Local Heroes 2010

Six people we can all be thankful for

Every year at this time Chico News & Review editors select a small number of people to honor as Local Heroes for their exemplary spirit of giving back to the community.

It’s not a competition, though we do solicit nominations. Our main criterion is that the honorees have shown an exceptional willingness to devote their time and energy as volunteers, without seeking recognition or remuneration in any form.
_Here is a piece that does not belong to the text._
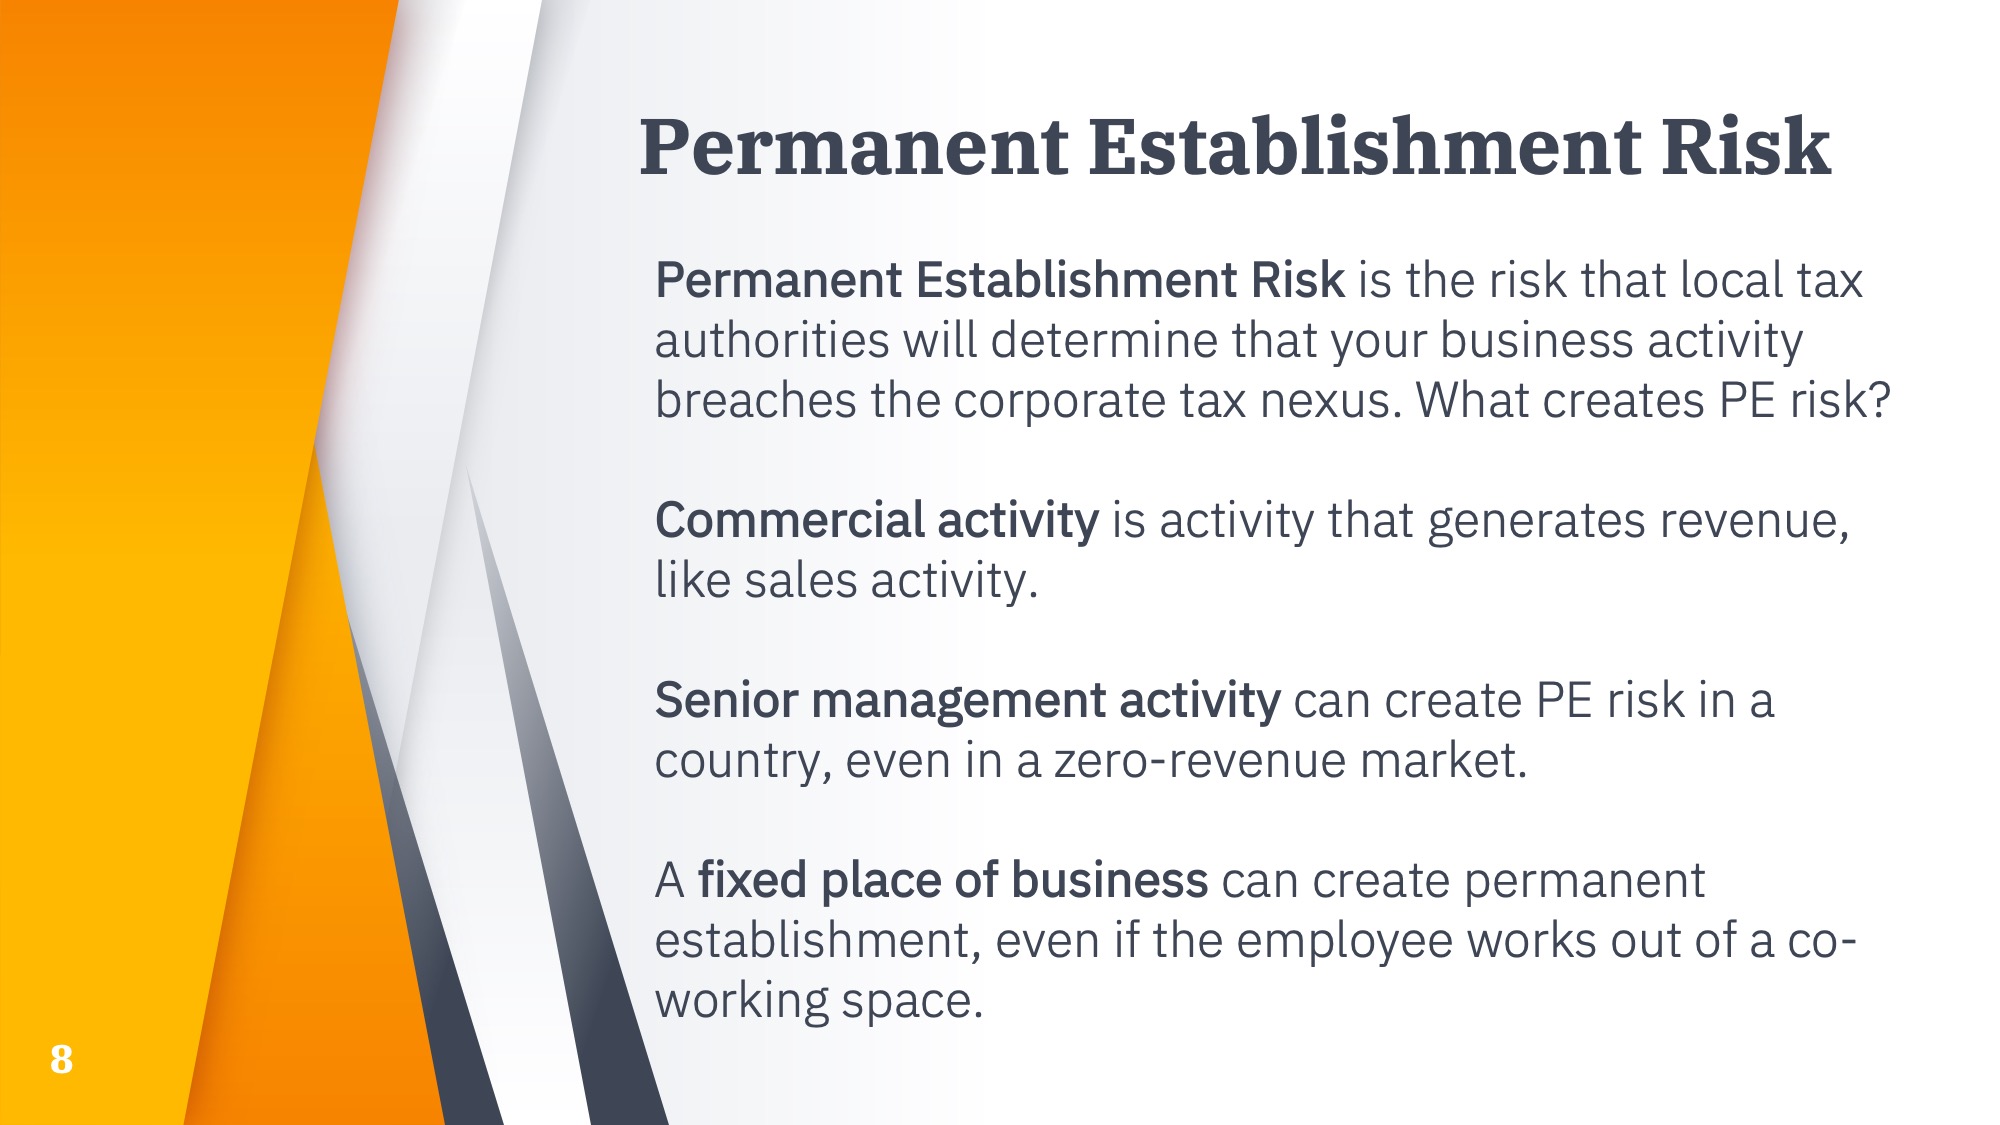 Permanent establishment risk explained

We try to come up with a diverse group. Volunteerism takes many forms. When you read about the six people selected this year, you’ll see that they range from the chairman of the Enloe Medical Center Board of Trustees and a retired general contractor who oversees home construction for Habitat for Humanity to a young woman who believes deeply in the mission of the Stonewall Alliance and is working to improve services for its members.

It’s no exaggeration to say that volunteerism is the heart of the community. Chico is a great place to live in part because so many of its residents value it and wish to work to make it even better. These Local Heroes awards are our way of giving them thanks.

Dan Braz

Dan’s the man

Dan Braz

On a recent morning, Dan Braz was on the roof of one of the three houses currently under construction by Habitat for Humanity of Butte County on East 16th Street.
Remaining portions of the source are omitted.